Of course it’s 3:00am and I’m up sitting in the living room, the only light on is this iPads white glimmer being typed on one finger at a time. It’s been nine days since Bobbi’s last chemotherapy session (total of 6 now). The next 30 days she won’t receive anymore until the CAT scan is performed on the Monday after Thanksgiving. The doctors want to give it a few weeks for the chemo to flush out her system to get a good reading on the tumor in her pancreas. If it has shrunk surgery sometime in December. It’s butted against portal vein and surgery would’ve been too risky without the first 2 months, of six months, of it to be done (The portal vein or hepatic portal vein is a blood vessel that carries blood from the gastrointestinal tract, gallbladder, pancreas and spleen to the liver (https://en.m.wikipedia.org/wiki/Portal_vein). Hoping it has shrunk. If it has, then surgery soon. The time until then it’s difficult not to worry about the cancer spreading with no chemo being administered. A persistent dry cough has started for the last few weeks and this has caused concern as well. Lots of what “if” a person can drive themselves crazy with! As I’m writing this I can hear her coughing while she sleeps.

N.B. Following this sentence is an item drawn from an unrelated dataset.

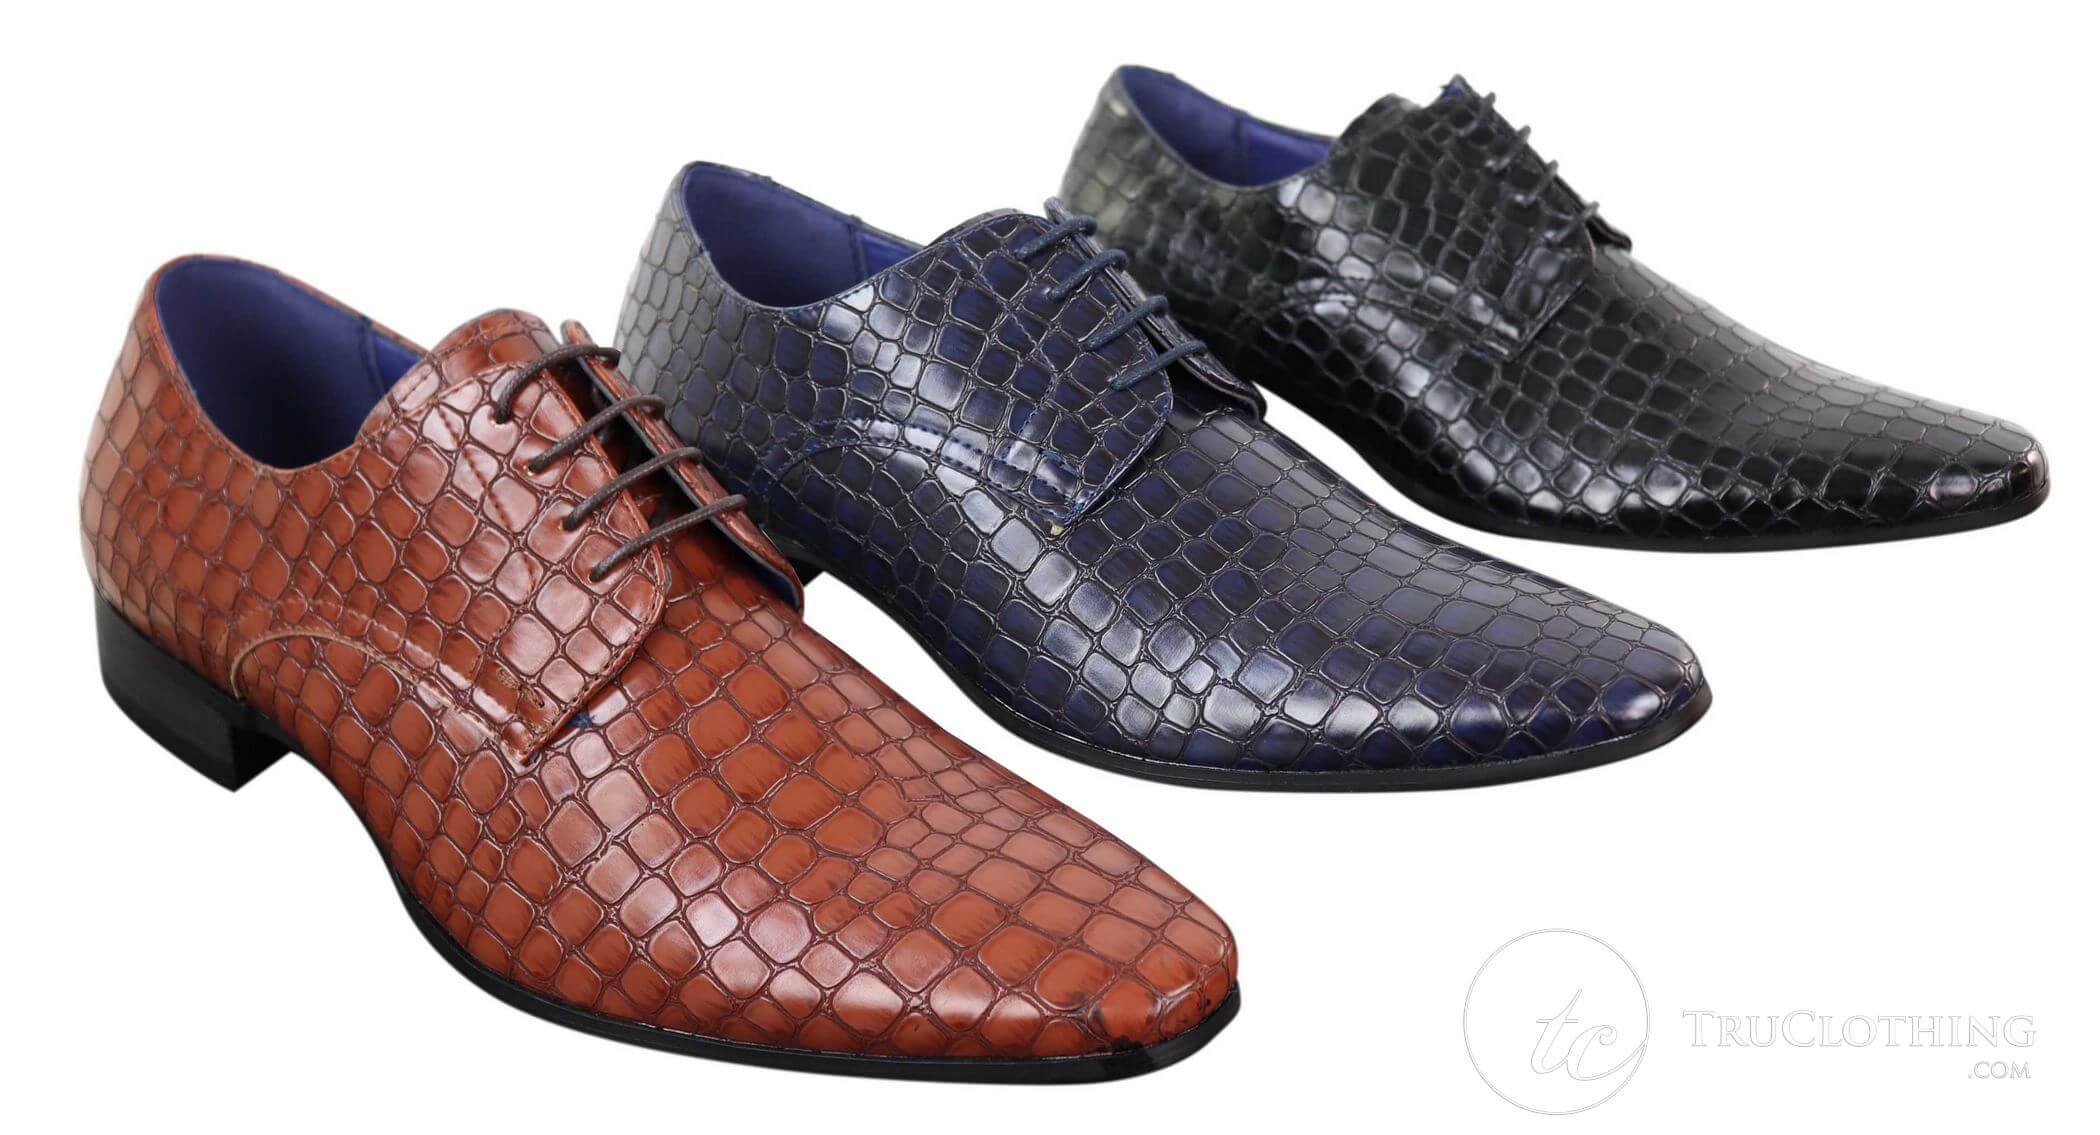 Mens Crocodile Shoes - Mens Crocodile Skin Shoes

Decided to dig out our Christmas decorations and change the mood. Hung lights outside, etc. Doubt we’ll put up a tree since we may be gone for a few weeks around the day. The lights look nice and picked up her spirits. Her friend, who she grew up with, Nancy, stopped by for a visit too. Which was nice. Bobbi is still weak and fatigue comes quick. Went out with her mother for a bit yesterday but wasn’t gone long because it it. This Thanksgiving Day we’ll travel to Traverse City to see Lori and Jim. She’ll probably sleep some on the way.
The mind sure likes to wonder during the waiting for tests and such. Missing the kids and grandkids a lot! Cancer doesn’t take a break for the holidays unfortunately though. The Xmas lights and decorations is a way of telling the cancer that we’re not going to let it dictate to us what we do or don’t do. What’s been nice is seeing her not so whipped out having the sessions right after another. Hasn’t had to take naps lately, just no energy for very long when doing things. Still having tenderness in the area but I called her cancer team in Petoskey and they put her on a new medication for it. Works a lot better.
It seems like every minute of everyday is consumed with thinking about this, for both of us. How can it not be? Just want Twisty taken down, then finish the next four months of chemo and get on with our lives. Wishful thinking. Reality is different. Maybe they’ll want another month of chemo first? Just have to keep pushing on and deal with things as they come. A lot to be thankful this holiday season but the illness is certainly not one of them. I don’t even think about my cardiac stuff. Slap nitro on, a few under the tongue, and move on. It is what it is. With us having a new family doctor, here in the Soo, it’s been a inconvenience having to talk about the same information again and again, explaining I don’t care to see specialists, cardiologist, etc. I made the decision long ago to be done with all that and my mind hasn’t changed. If I didn’t need meds ordered I wouldn’t bother even seeing a doctor. Just know that everything been medically done when it comes to that and it is what it is. I don’t talk about it, just manage it. Don’t have the time to worry or think much about it. Not being stupid about any of it. Some would say getting only a couple hours of sleep some nights is but how do you turn the brain off when so much is at stake? What matters most to me is my wife and her getting better. Period.
The wind is blowing and a storm is starting to brew outside. It’s winter here in Upper Michigan and they’re not the friendliest. Only a few blocks east of Lake Superior so the weather changes fast. Deer hunting season has started so a lot of people wearing orange. Life here is so much more different than in Wisconsin. A town of about 17,000 people and one main road. Still can hear the freighters fog horns blast their deep bellows. People are honked down and getting ready for the blasts that the season will surely bring.
All and all things are good. The calm before the storm. If surgery is performed in a few weeks it’s going to be a major one. A Whipple procedure is big (pancreaticoduodenectomy) In the procedure, the first part, or the “head” of the pancreas and about 20 percent of the “body,” or the second part, are removed. The bottom half of the bile duct and the first part of the intestine are also removed. In a modified version of this surgery, a part of the stomach is removed). So it really is the calm before the storm. What I’m concentrating on right now is Bobbi and taking care of the things that need to be done. I don’t want her to be concerned about anything except getting better and finding joy in each day. Family, friends, have all been helpful and something we’re very grateful for. We wanted to make it down to Wisconsin for the planned party but a seven hour drive, and chemo whipping out her immune system the doctors say is a risk to close to surgery. There will be one heck of a cookout when we do return to Wausau though! Thanks everyone for their prayers and support. It has made a huge difference. And thank you Cinniedi for your daily songs and bible verses sent to your Grandma. Hoping everyone has a great turkey day! Also thank you for the kind words of support and sharing from writers following this blog, new friends that have also helped in this journey.